Finite Element Modeling and Product Success
CAE systems allow to specify different materials or change the CAD model and double-check the measurement results. CAE software makes it possible for the producer to modify the materials and design of the phone body until the simulation results are satisfactory. Only then prototypes should be made to check the results.
Calculations in CAE systems are a must for the success of the device because every model differs from the actual product. If the addition of impact-resistant glass, which is either thicker or heavier, impairs the product's ergonomics, it is worth providing protection in the form of a cover. This also helps the device maintain its integrity in the case of a fall.
Drop simulations can be used to determine the appropriate protective material in both scenarios.
Below are the results of dropping a smartphone in a case. The material of the case is TPE.

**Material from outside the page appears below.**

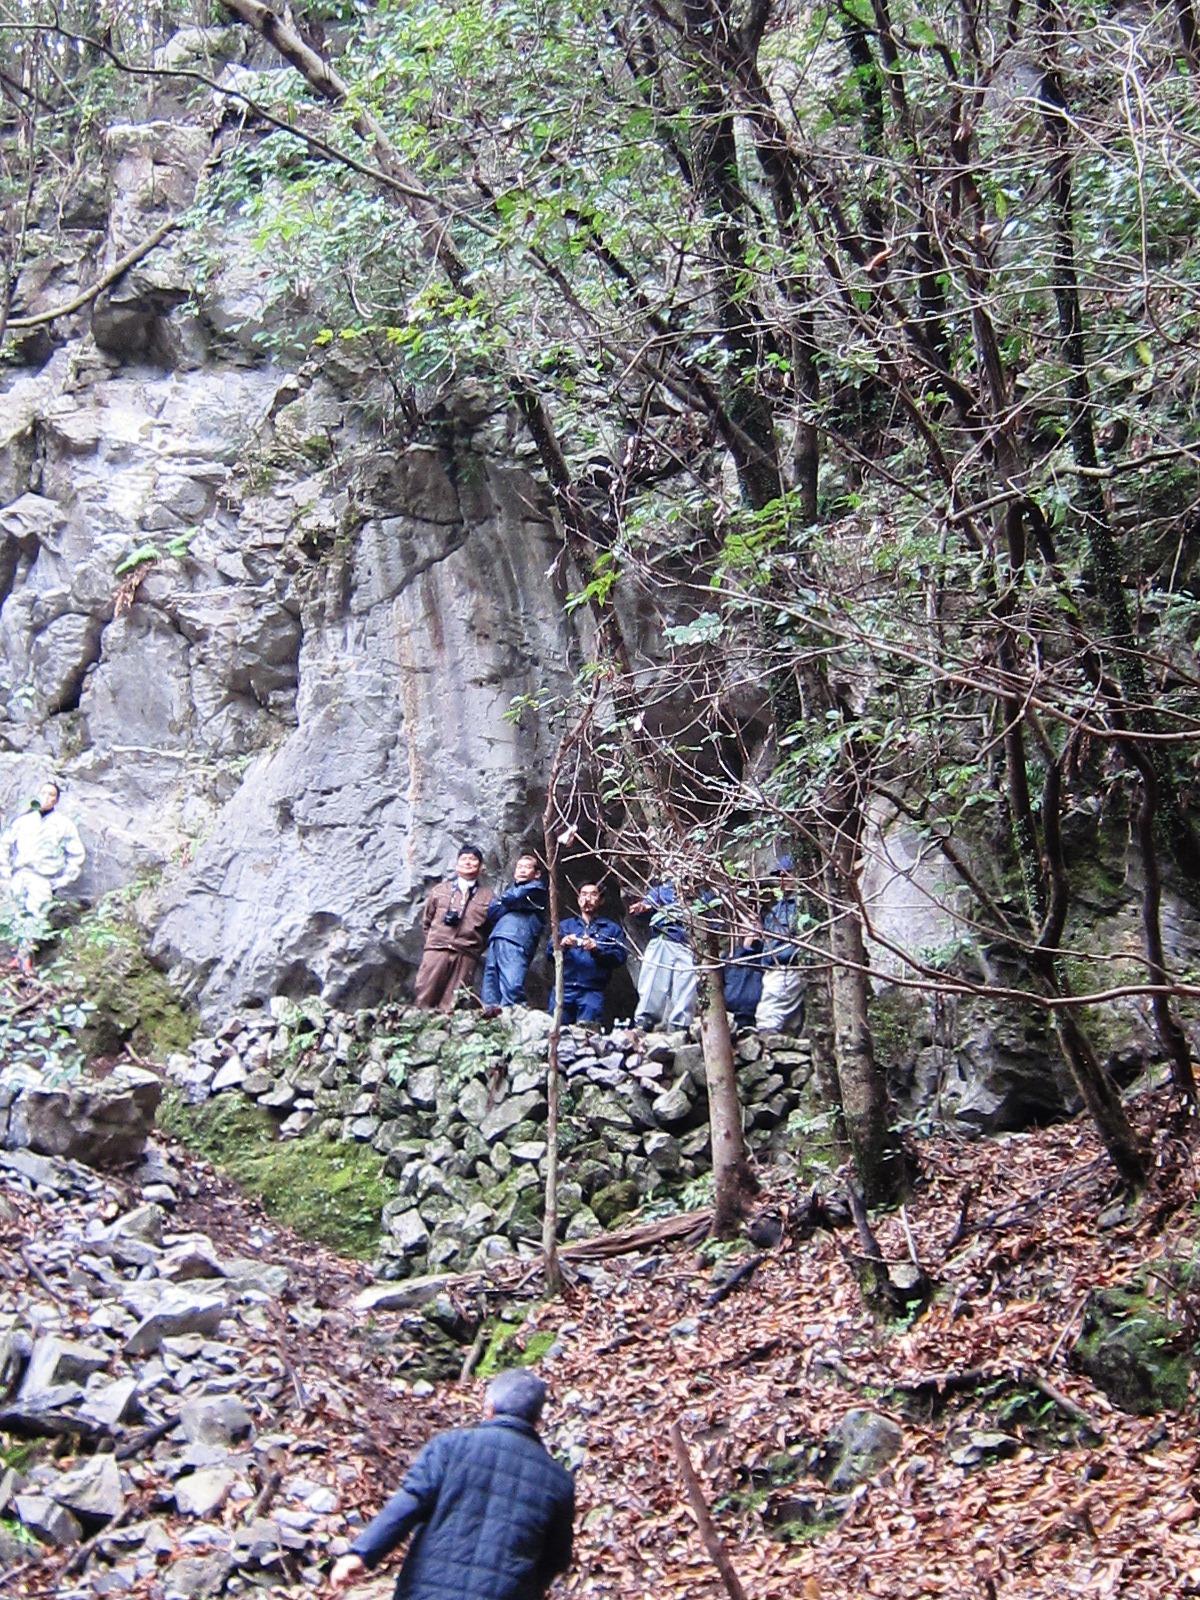 五木村観光協会 事務局Blog: 五木村九折瀬地区の「岩戸六地蔵」

Is Finite Element Analysis Worth It?
Computer simulations do not solve all problems. Nothing can ever fully substitute for actual use. But imagine you're a phone producer in a world without calculations. You will have to make 10 to 20 phone prototypes, put various coverings on them, and shatter the devices in a multitude of ways to test their reliability in different environments, such as a slick table and a concrete floor, a back pocket of jeans and a wooden seat, etc. All of these alternatives should be tested out, and the findings should be analyzed. Moreover, there also might be a necessity to thicken the case by half a millimeter. These "half-millimeters" themselves might be the focus of investigation and experimentation, since even a slight increase in the device's size can result in a noticeable rise in the cost of production in big batches. In a situation where every gram of raw material counts, calculations thus help lower prototyping and development expenses and optimize mass production prices.

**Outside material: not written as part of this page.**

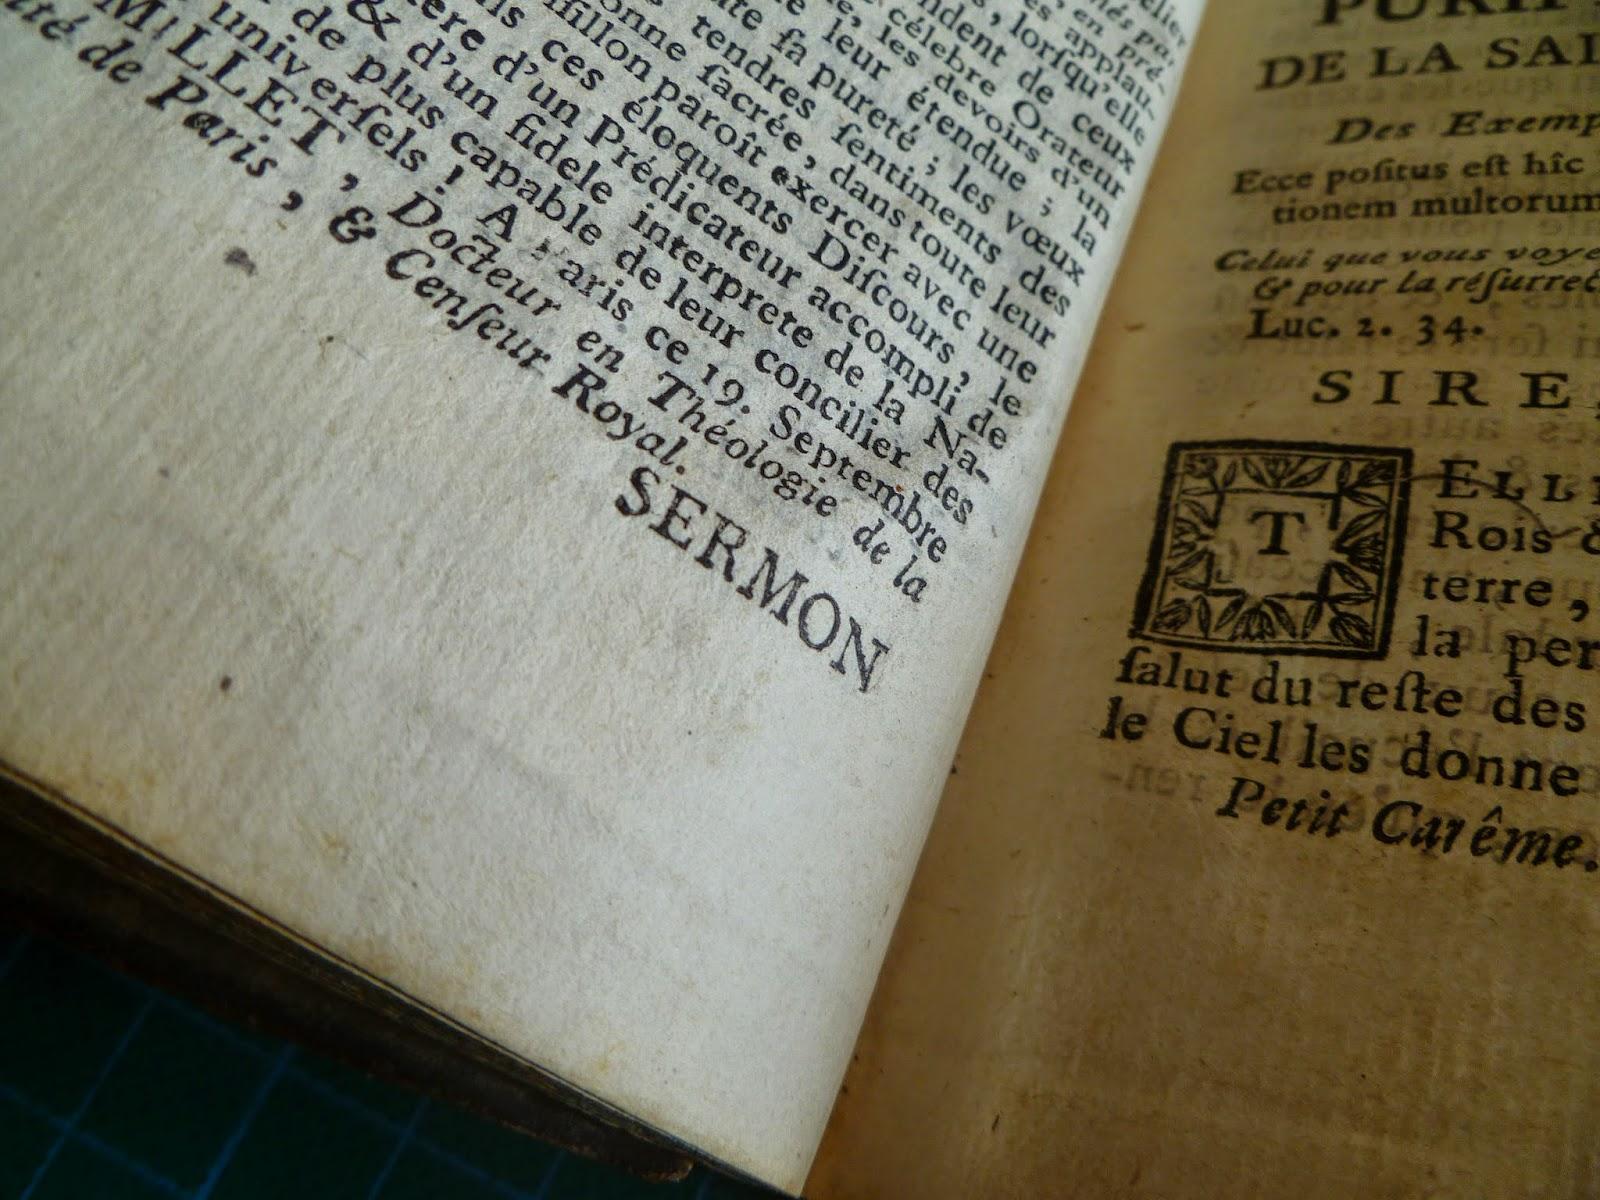 Fabulous Reliure et autres explications  Trôo  Restauration de livres  GK21

Moreover, simulating a device falling reduces the likelihood of a negative experience for a buyer. Users develop trust in the product. Especially if it outperforms all expectations in terms of comfort and durability. Think about it: the phone has dropped many times, but the screen is still intact! You would undoubtedly be pleased with such a wise device selection. Accordingly, the money was not spent in vain. In turn, this improves the manufacturer's reputation, increasing the likelihood that customers would choose them while making decisions in the future.